Na Irlanda do Norte, os muros continuam erguidos: "Ninguém aqui está limpo"
Paul levou 6 tiros e ficou paraplégico. Grace ajudou a consolar órfãos de um atentado. As marcas dos Troubles ainda se veem em Belfast. E o Brexit, tema central das eleições, pode reabrir as feridas.
Cátia Bruno Observador, 8 de dezembro 2019
Paul Gallagher estava em casa, a ver televisão com os pais e os irmãos, quando vários homens armados, com as caras tapadas por passa-montanhas negros, entraram em sua casa. Apontaram as metralhadoras à cara de todos os membros da família Gallagher e amarraram-nos. O ano era 1994 e aquele era o bairro de Suffolk Estate, em West Belfast. Os Troubles, o conflito sectário que opunha católicos e protestantes, nacionalistas e unionistas, ainda durava. Os homens armados pertenciam à Força Voluntária de Ulster (UVF na sigla original), uma das milícias unionistas, e entraram na casa da família Gallagher por ser próxima da de um vizinho que pertencia ao Exército Republicano Irlandês (IRA em inglês), o alvo a abater nessa noite.
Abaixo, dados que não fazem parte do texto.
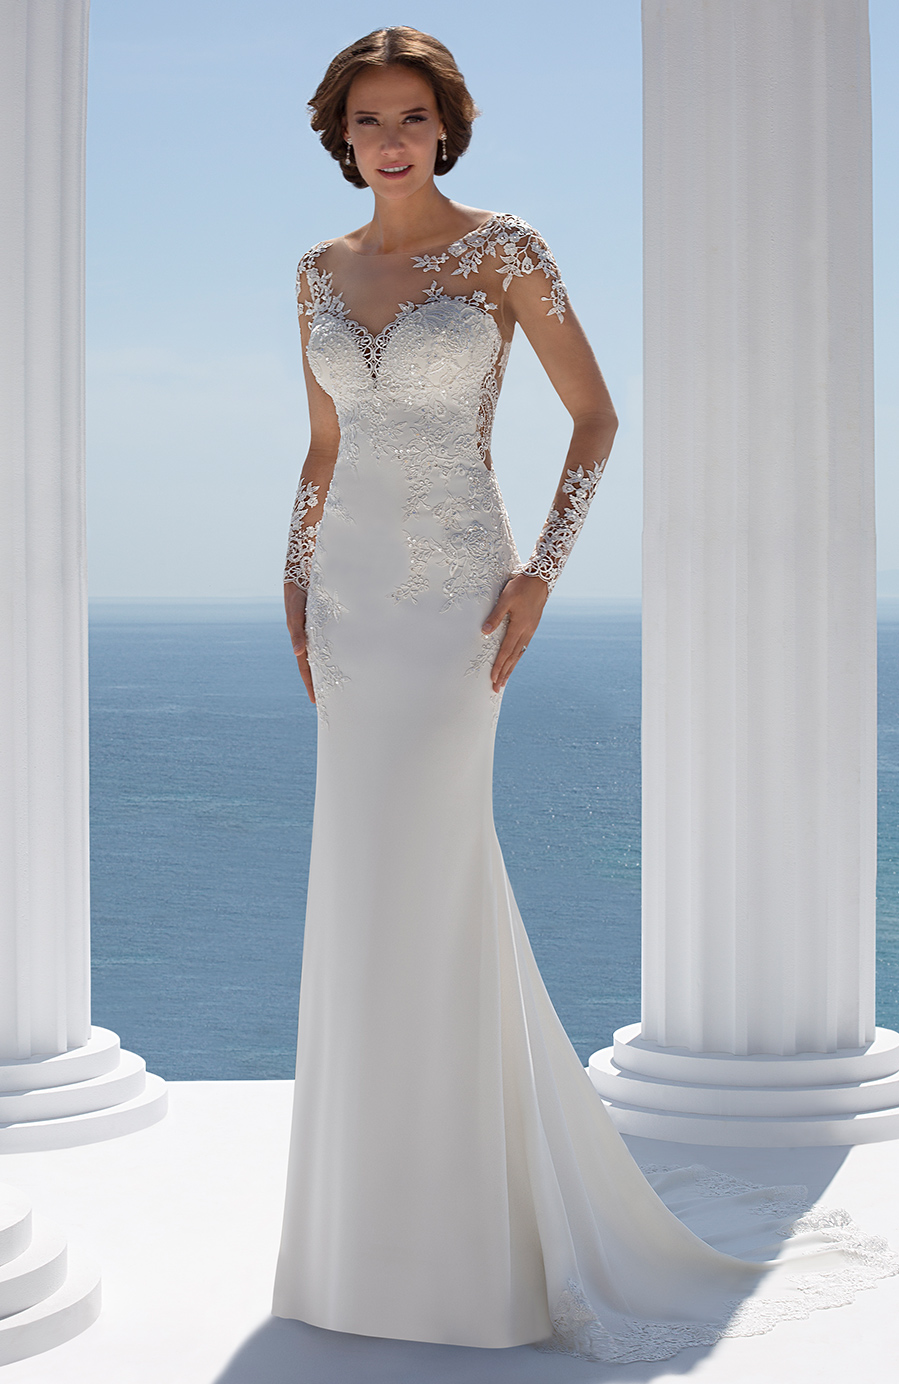 Mark Lesley 7330 Wedding Dress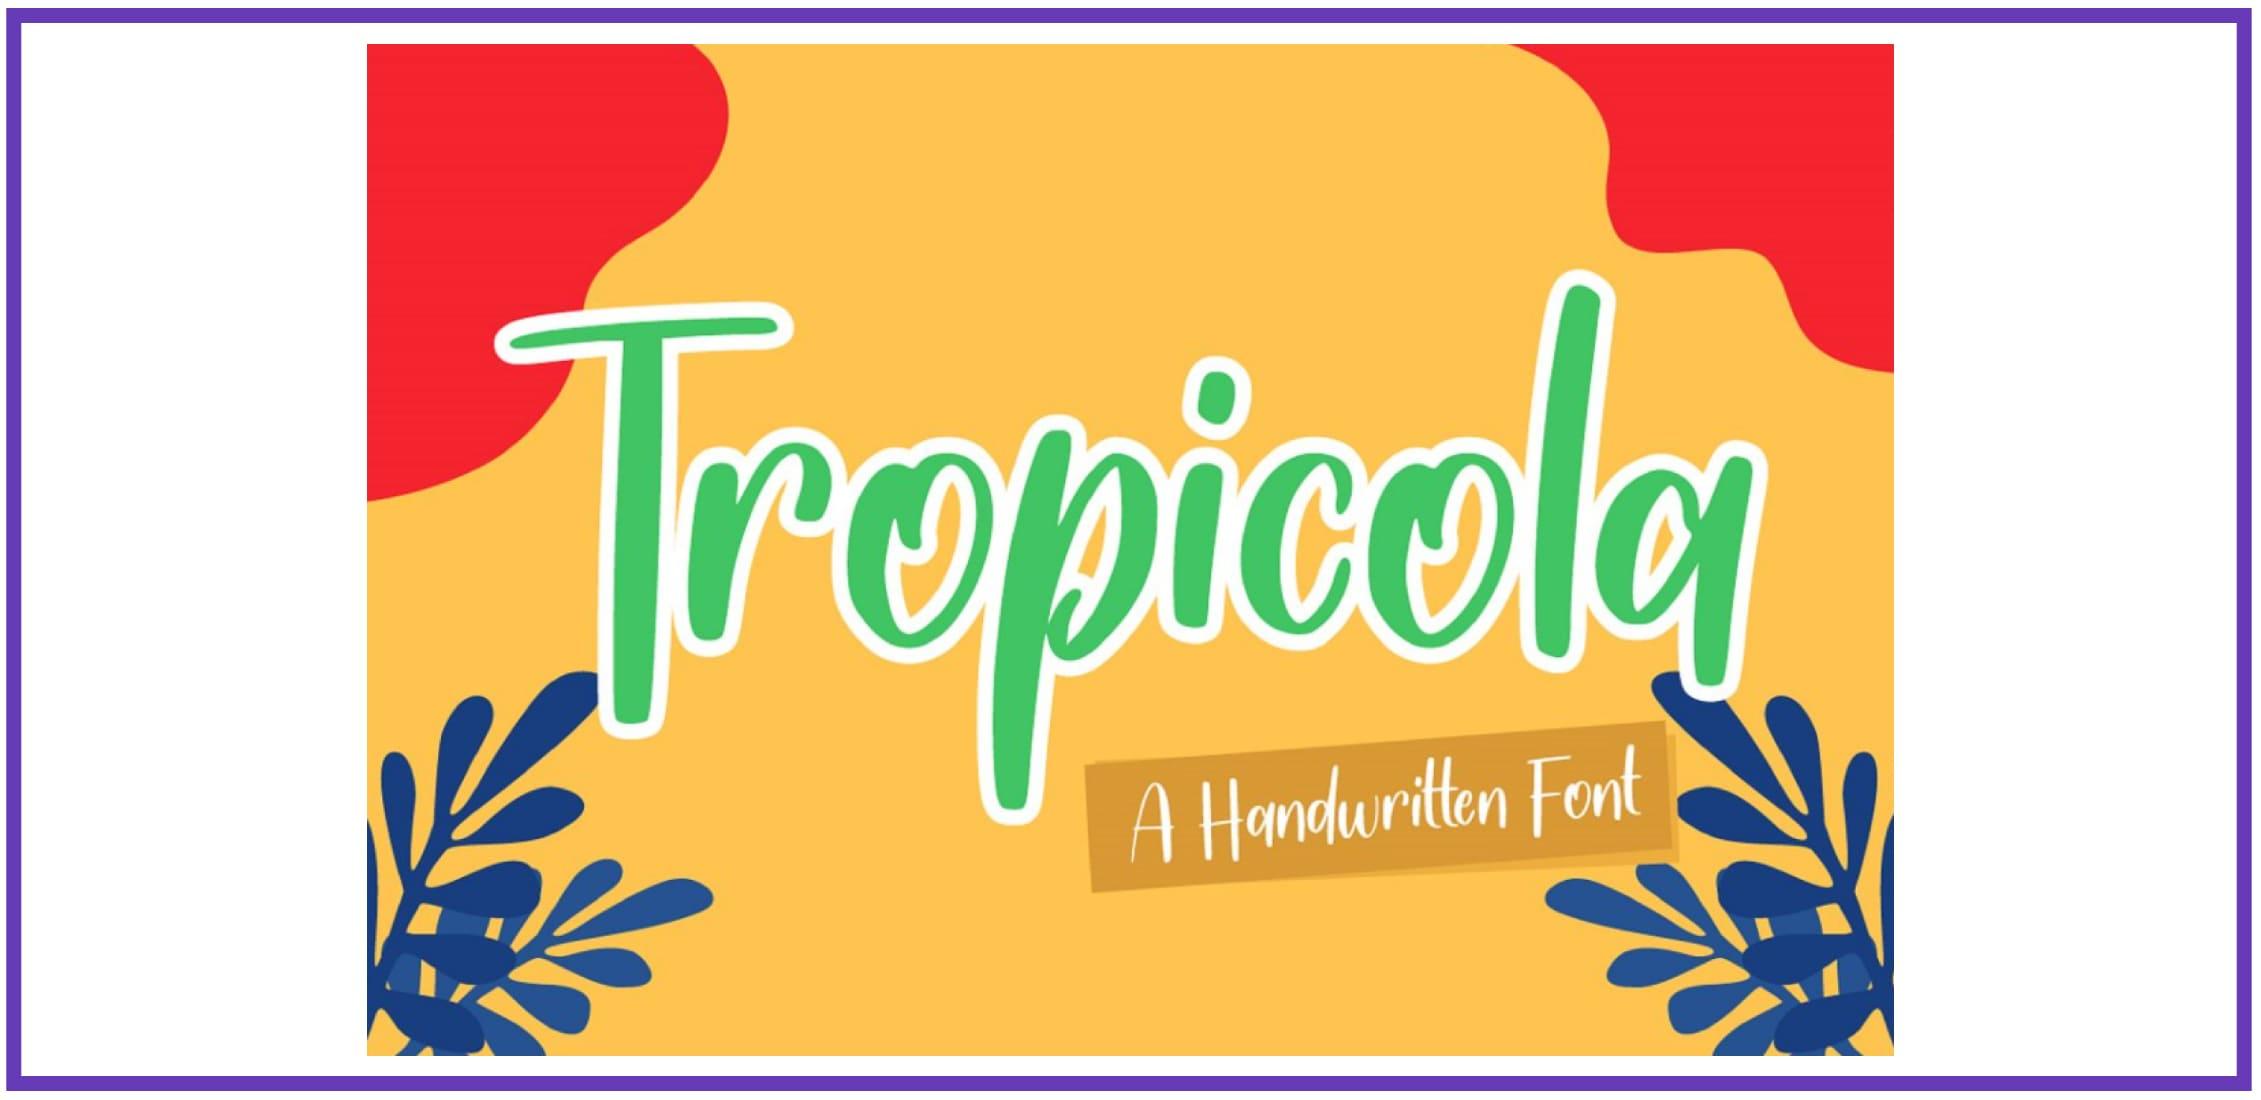 Handwritten Font By Graphue. Tropical Font.

Porém, porque o vizinho tardava em chegar a casa, fartaram-se de esperar. Decidiram sair, mas não sem antes deixar um presente de despedida: uma rajada de tiros contra a fachada. Seis deles atingiram Paul, que ficou gravemente ferido. Uma das balas ficou alojada na sua coluna vertebral — e o jovem de 21 anos nunca mais voltaria a andar.
Paul conta esta história, sem pausas ou lágrimas, no gabinete onde trabalha como investigador da Queen’s University, em Belfast. Como presidente da Associação de Vítimas dos Troubles, já a partilhou muitas vezes, com muita gente. Prefere antes soltar algumas gargalhadas, como quando recorda ao Observador como foi crescer num bairro católico, no final da década de 80, na capital da Irlanda do Norte: “Enquanto criança, cresci a ver uma vedação do outro lado da janela. Às vezes passávamos perto do Muro da Paz e levávamos um enxerto de porrada dos miúdos mais velhos do outro lado. Portanto, eu passei a ir com uma barra de ferro na mão — mas levava porrada à mesma.”